Es muy probable que el presidente Moreno haya tenido razones suficientes para decretar la extinción de la empresa de ferrocarriles, en medio de la batalla con una crisis fiscal que parece insuperable. Es más que probable que la llamada rehabilitación, perpetrada por el gobierno anterior, haya estado plagada de actos de corrupción, que seguramente habrán estado, o están, en la mira de la Fiscalía y la Contraloría. A los ecuatorianos de mi generación estas dos realidades nos provocan un sentimiento de profundo pesar, pues no atinamos a saber qué pasará en el futuro con el ferrocarril.
En nuestra niñez y juventud, el tren significaba la conquista de las distancias más remotas; la búsqueda de nuevos horizontes a través de volcanes indomables o llanuras fértiles, cruzando puentes tendidos sobre los abismos y escondiéndose en túneles. Un encuentro con centenares de pueblos y millares de gentes, que mostraban una oferta multicolor frente a los ojos asombrados de los viajeros. Una ilusión, que comenzaba a la madrugada en Chimbacalle y, culminaba con las últimas luces del día, llegando a Durán, pasando el río, y en el encuentro final con Guayaquil.
Más adelante nos enteramos de la epopeya de su construcción, como podríamos calificarla con justicia. Posiblemente la obra pública más importante de la historia ecuatoriana, con todo su bagaje de esfuerzo titánico, de superación y triunfos, de leyenda, y hasta de muerte. También supimos lo que significó para el desarrollo económico del país, para la unidad de sus regiones, inclusive para su autoestima como nación al haber culminado esta obra imposible. Y hasta se nos contó de su papel en la tragedia de la política nacional. El tren marcó sin exageración un antes y un después en la vida del país.
Todo esto es tiempo pasado, se me replicará. Se agregará que ahora ya no hay lugar para romanticismos. Distancias, búsquedas, encuentros, en estos días se resuelven, se superan de otra manera, al ritmo de la premura de la época.

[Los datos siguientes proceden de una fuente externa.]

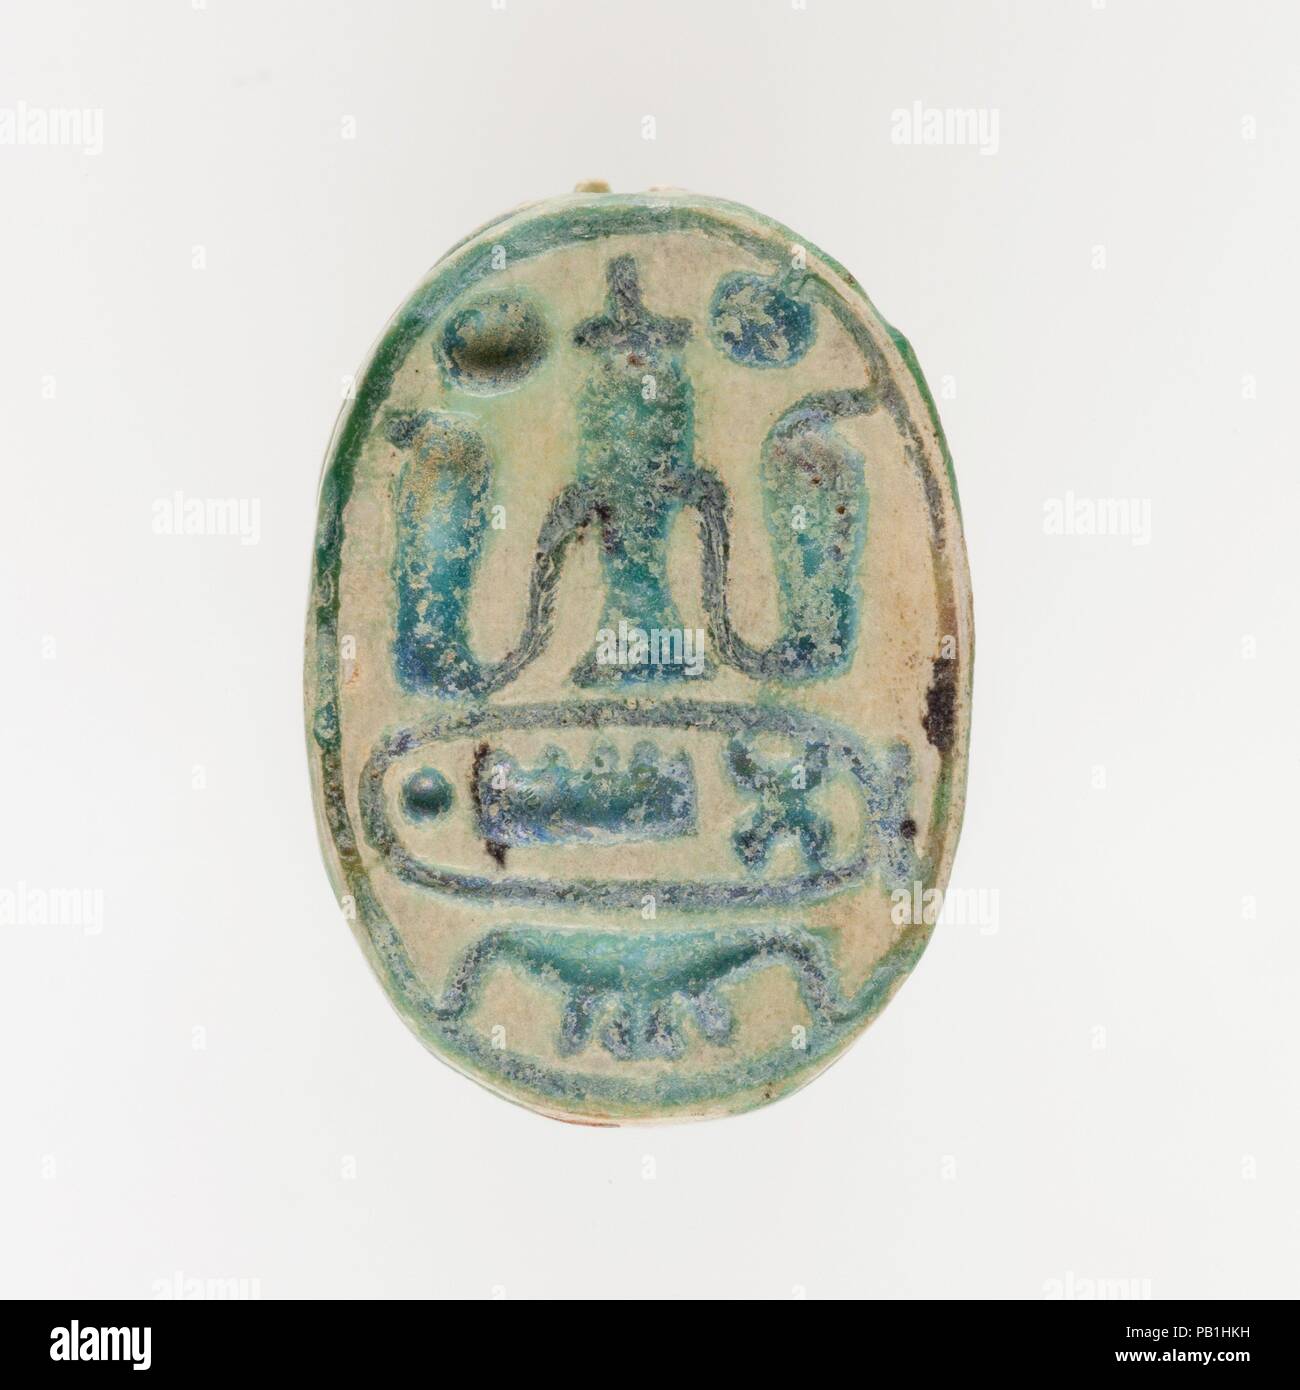 Scarab of Thutmose III. Dimensions: L. 1.7 × W. 1.2 × H. 0.9 cm (11/16 × 1/2 × 3/8 in.). Dynasty: Dynasty 18. Date: ca. 1550-1295 B.C.. Museum: Metropolitan Museum of Art, New York, USA. Stock Photo

Con el paso de los años, el tren se ha ido quedando como una pieza de museo, a la que resulta ilusorio darle una utilidad rentable, como lo exige la lógica economicista de los tiempos actuales, según ha quedado demostrado en estos últimos años.
¿Por qué? Me pregunto. ¿Por qué los trenes siguen devorando kilómetros en tantos países del mundo, pero no en el Ecuador? ¿Se trata de una implacable imposición de la geografía? ¿O de una trágica herencia de la historia? ¿O es más bien una demostración más de improvisación, de irresponsabilidad, de cálculos equivocados, de incompetencia, de politiquería demagógica?
Quisiera encontrar una respuesta. Pero sobre todo quisiera que alguien me asegure que podemos seguir soñando en el tren.